Revised European rules for sustainable funds leave “room for greenwashing” due to weak basic criteria, limited exclusions and an absence of engagement-related requirements in its new category for ‘transition’ investment vehicles.
Eurosif, which represents domestic European sustainable investment fora, said the European Commission’s proposed changes to the Sustainable Finance Disclosure Regulation (SFDR), laid the foundation for a more “fit-for-purpose framework” than the framework introduced in 2021.
But it said the removal of entity-level disclosures on principal adverse impacts and reduction in product-level disclosures could “further reduce comparability for investors”. Further, the lack of mandatory engagement-related requirements for the SFDR’s proposed new transition category “fails to incentivise meaningful decarbonisation efforts among investee companies”.
The commission’s review of SFDR is aimed at providing greater clarity for investors and simplifying requirements for suppliers, partly by replacing disclosure requirements with product categories for ‘ESG basics’, ‘sustainable’, and ‘transition’ funds. Funds in the sustainable and transition categories must invest a minimum 70% in assets that contribute positively to their stated objectives.
The commission’s proposals differ from a draft leaked two weeks ago which allowed alternative investment funds marketed only to professional investors to opt out of SFDR.

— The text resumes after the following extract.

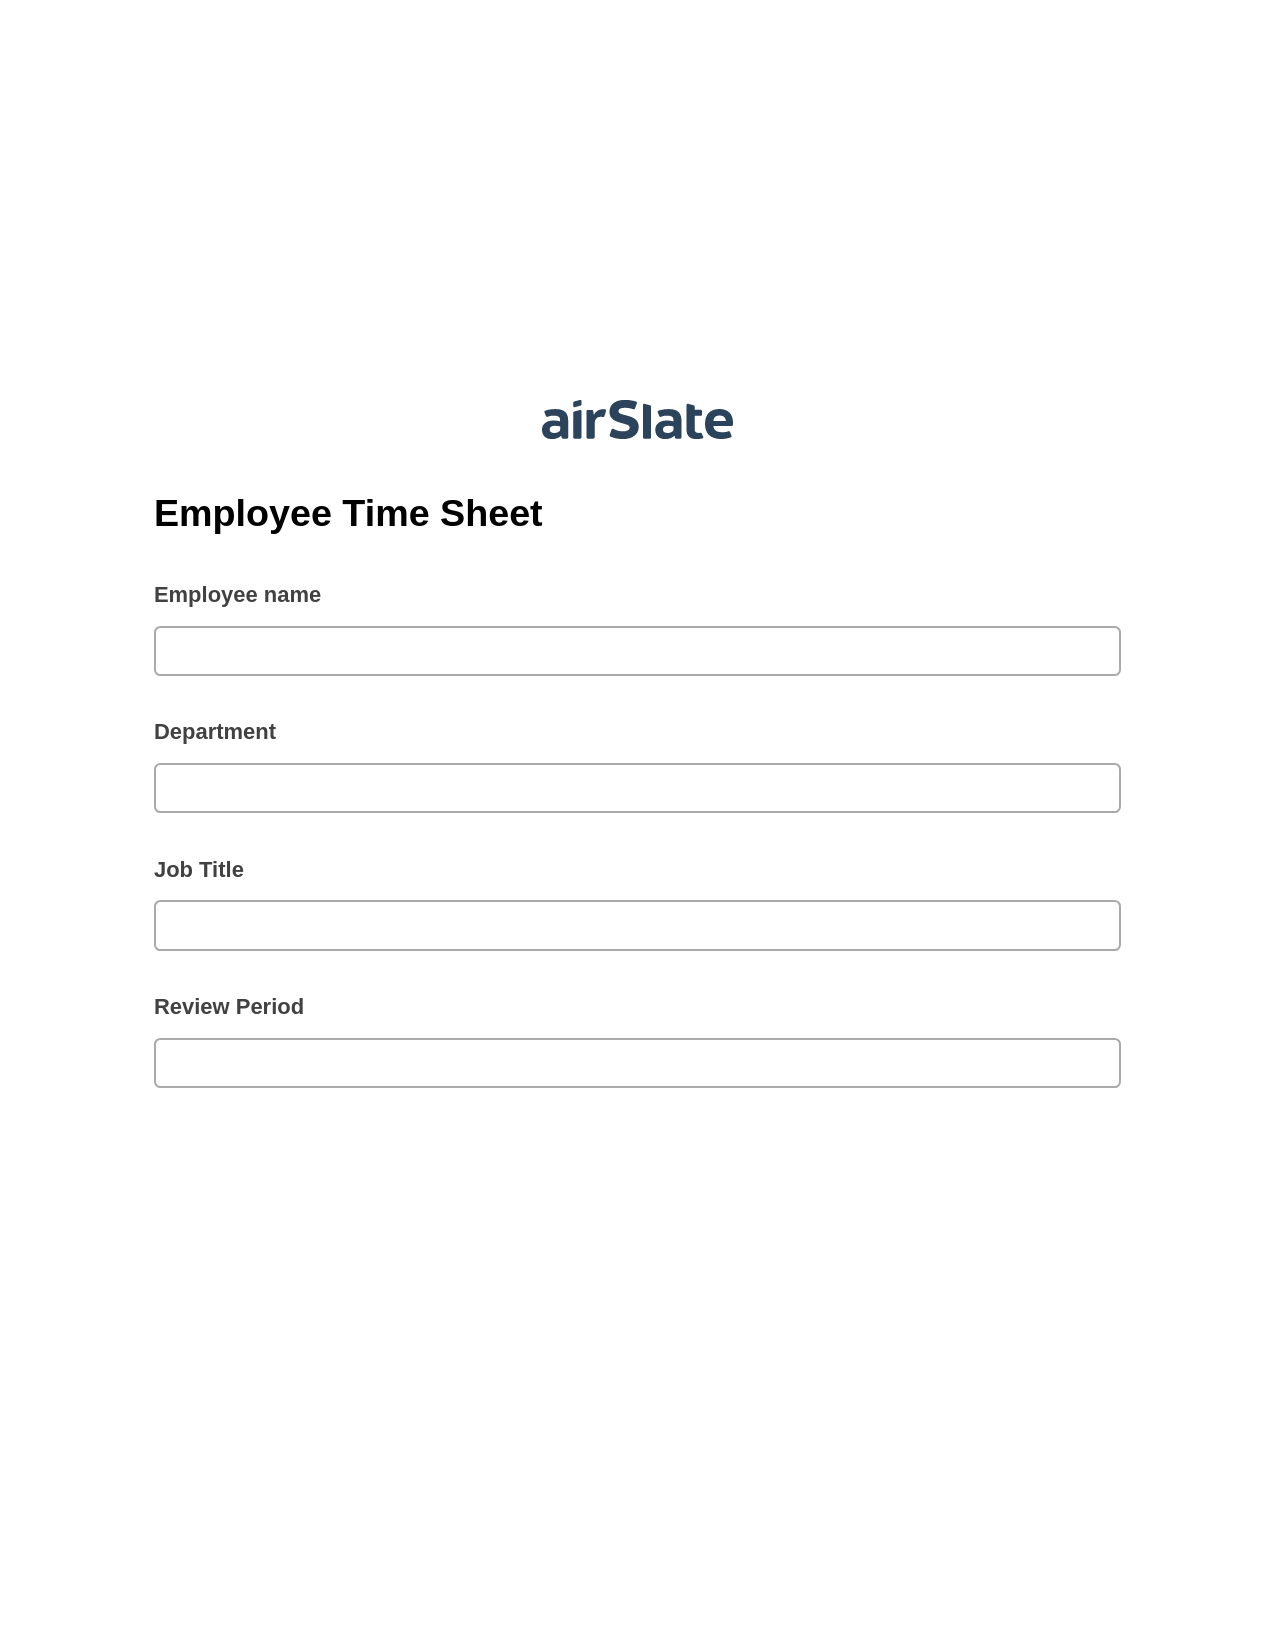 Employee Time Sheet Pre-fill Dropdowns from Airtable, Create slate addon, Export to NetSuite Bot

The change of approach could force providers to curtail meaningful sustainability disclosures or “fundamentally restructure products to fit rigid new categories”, said Phil Bartram, Partner at Travers Smith. “Such a move is likely to drive a ‘herding’ effect into the least demanding category, undermining differentiation and innovation.”

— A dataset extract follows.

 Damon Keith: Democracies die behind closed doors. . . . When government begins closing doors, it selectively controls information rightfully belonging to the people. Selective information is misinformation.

Although the proposals are subject to revision and amendment by the EU co-legislators – the European Parliament and Council of the EU – providers of ‘green funds’ are expected to review existing Article 8 and 9 funds rapidly and map them to the new SFDR categories to minimise disruption and maintain client confidence.
“Asset managers face non-negligible transition costs as they reclassify funds, analyse portfolios and adapt internal processes. And while the new categories set clearer expectations, there is still a large element of subjectivity,” said Tom Willman, Regulatory Lead at data provider Clarity AI. “It remains to be seen how far they will go in protecting consumers and reducing greenwashing.”